О том, что учитель совсем не то, что укротитель

И вот начался обмен самыми многозначительными взглядами между двумя особами, которые находились друг перед другом; каждый день в течение целой недели доктор по целым часам разговаривал посредством глаз (по крайней мере так ему казалось) с интересным субъектом, которым он обзавелся. Но этого было мало. Ираклию захотелось изучать животное на свободе, подстерегать его тайны, его желания, его мысли, позволить ему ходить взад и вперед по собственной воле и, ежедневно проникая в его интимную жизнь, увидеть наконец проявление в нем забытых привычек и, таким образом, распознать по верным признакам воспоминание о предыдущем существовании.
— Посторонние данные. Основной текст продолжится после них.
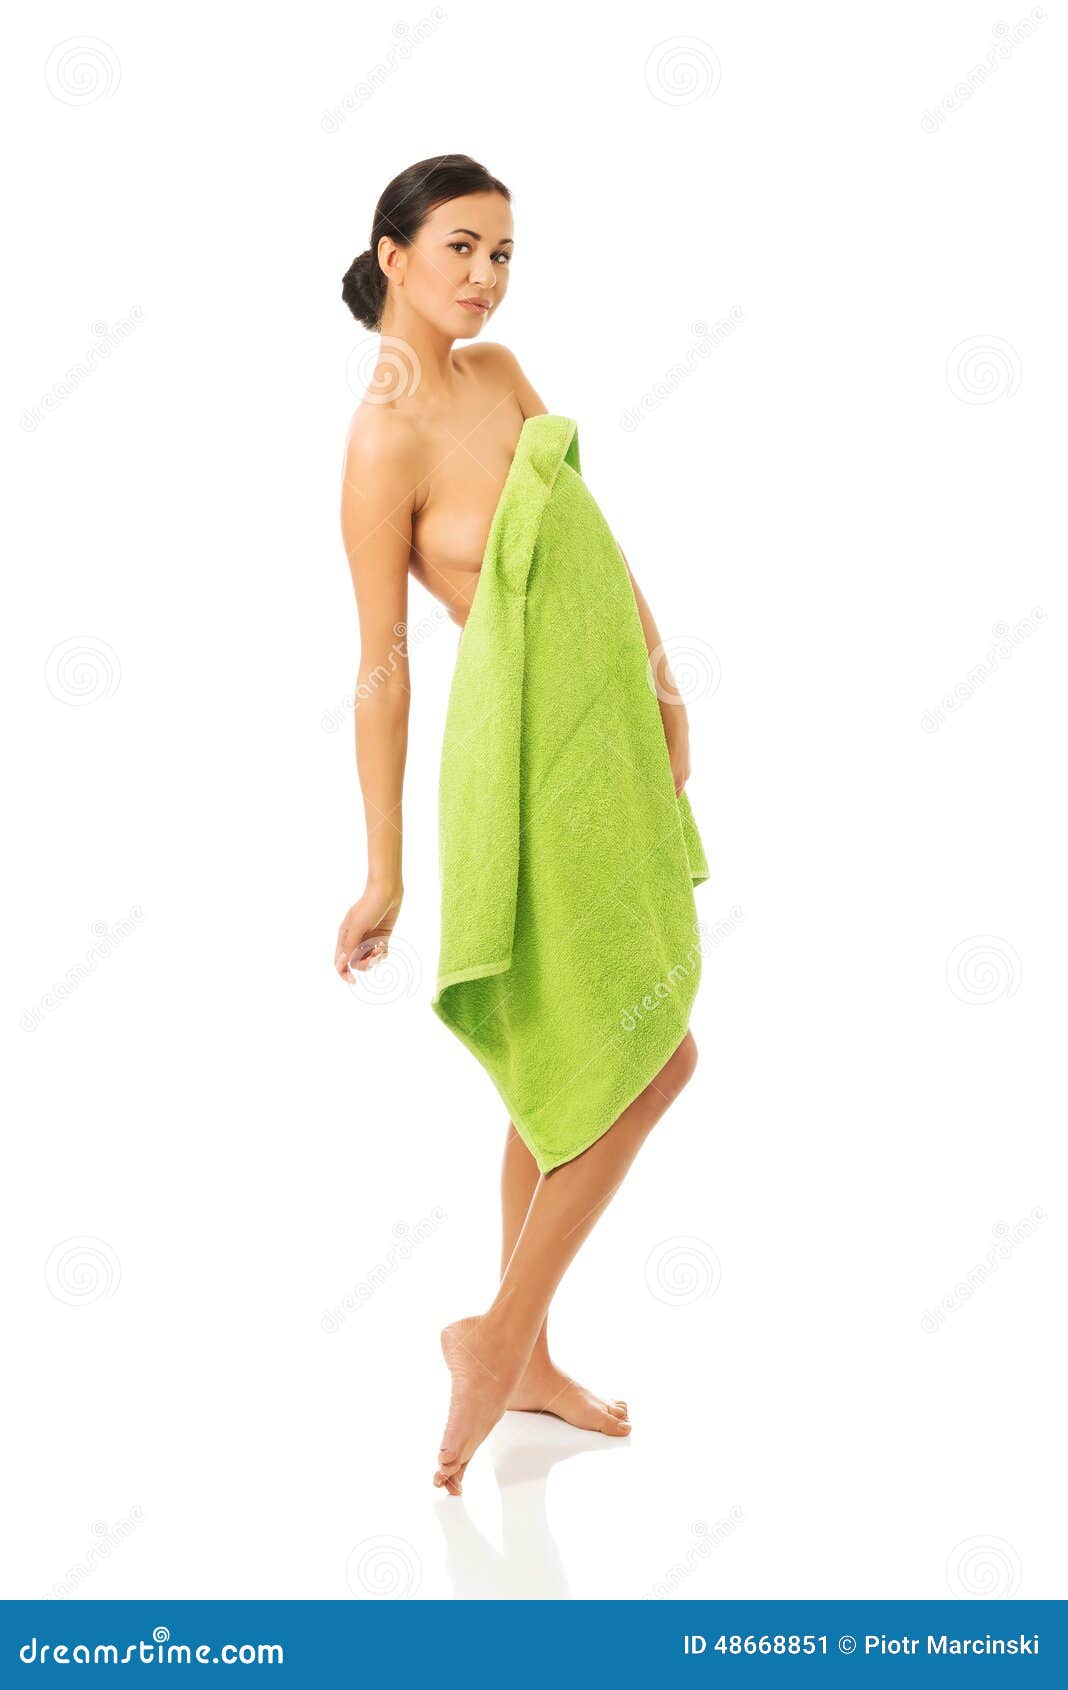 Ходит в полотенце. Девушка обернутая в полотенце. Девушка в одном полотенце. Девушка завернутая в полотенце. Девушка в зеленом полотенце.

А для этого нужно было, чтобы гость был свободен, — следовательно, чтобы клетка была отворена. Но подобное предприятие менее всего могло обещать спокойствие. Доктор напрасно пытался пускать в ход то магнетизм, то пирожные, то орехи; четверорукий предавался действиям, внушавшим Ираклию опасения всякий раз, когда доктор слишком близко подходил к решетке. Наконец однажды доктор, не будучи в состоянии противиться желанию, которое его мучило, быстро подошел к клетке, повернул ключ в замке, отворил настежь дверь и, трепеща от волнения, отступил на несколько шагов, выжидая событий, которые и не заставили себя долго ждать.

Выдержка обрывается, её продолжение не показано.